That’s not to diminish social networking’s impact, particularly in the area of product research. Walmart knows that moms are their most influential customers so they harnessed the power of mom bloggers who already had followings based on their product tests, money-saving and green-friendly tips, etc. These “elevenmoms” (http://www.elevenmoms.com) were at South by Southwest (the Austin music festival, and now, social media rave) this week thanks to consumer products sponsors. At the event, they attended and conducted social media panels and served as advisors to brands seeking to navigate the social media waters, and to remain relevant to increasingly tech-savvy moms.
Walmart learns along with them and gets authenticity points by enabling the Moms’ missions (without controlling content); brands get to tap into a ready-made viral focus group. Smell the future.
Social Media has great benefits. Immediate results (in some cases), lower cost, broad range of demographics and more validated info.
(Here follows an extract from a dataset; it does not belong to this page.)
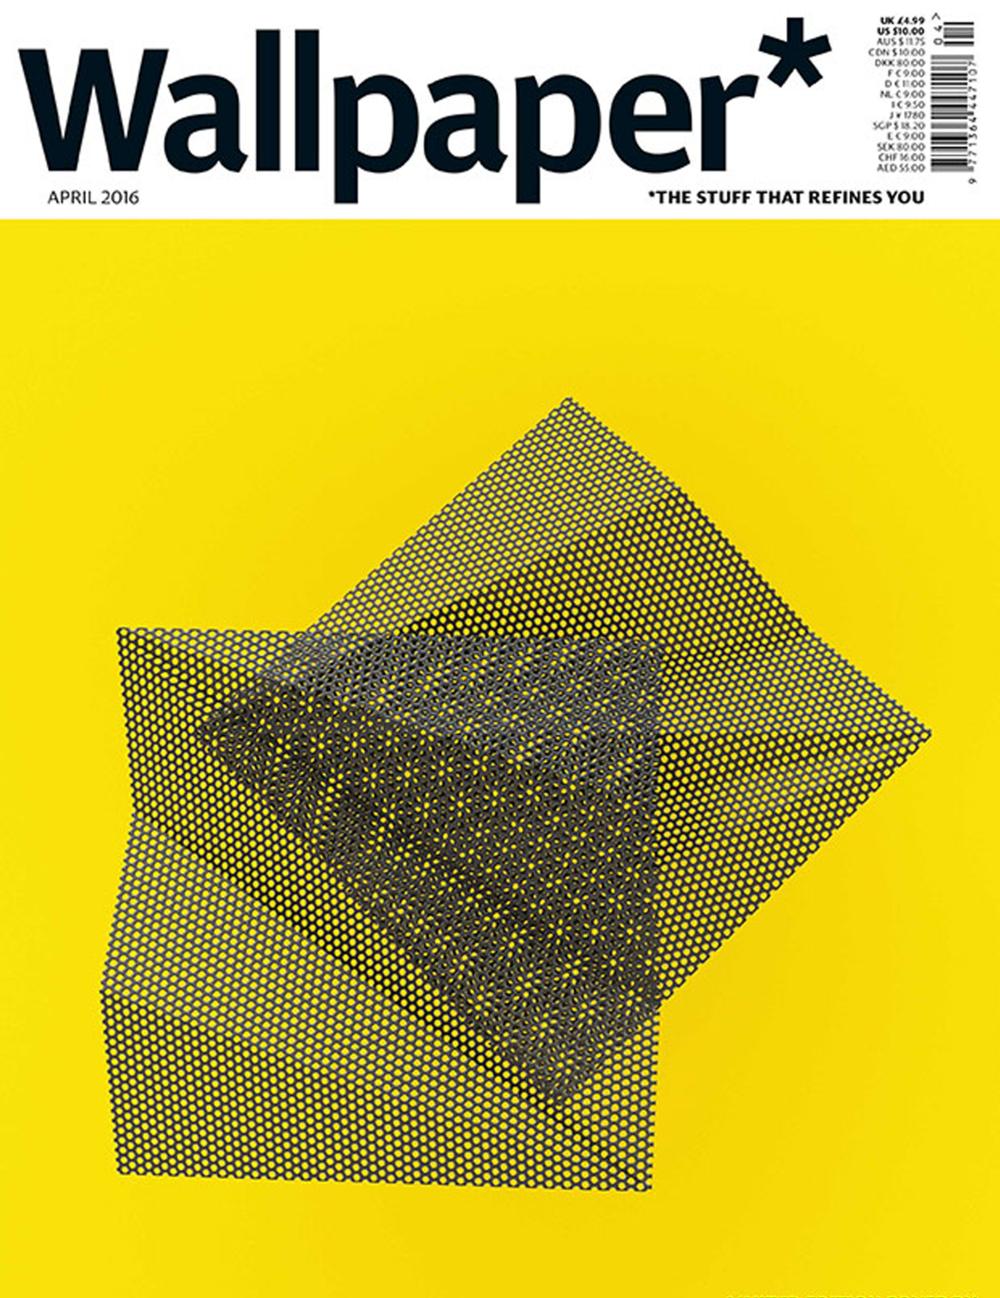 Wallpaper-April 2016.png

The interesting thing about the younger generation is that they want to share their thoughts, opinions, amd ideas to the world.
One word: profoundly.
I can only imagine what this does–or has been doing–to the entire business model around old-fashioned quantitative research, because I’ve been away from the research business for a while now.
But it would seem to me that now, when we have this flood of qualitative data coming at us in the same volumes as the old quantitative studies, essentially for free, and we also have natural-language processing that lets us make sense of the qualitative data, the only question remains is the one that consumers have been asking for the last forty years: Are we going to bring products and services to market that demonstrate that corporate management paid attention to what consumers (and b2b end-users) said they wanted?
Eight years ago with a start up venture, we used internet mining research for the first time. I was amazed at the results. It was the most useful and directional research we did. It told us about our product. It told us how to communicate. It told us who are targets were.
That was eight years ago and things have changed dramatically. The pace they are changing is really beyond conception. Social media, which did not exist in any great magnitude eight years ago, is gigas bigger today.
All the information a researcher needs is out there. The challenge is to get it, sift it and use it. The proper use of it will lead to new marketing initiatives that are much more focused than ever before. For the first time marketers will start to understand what half of the advertising they do is the wasted half.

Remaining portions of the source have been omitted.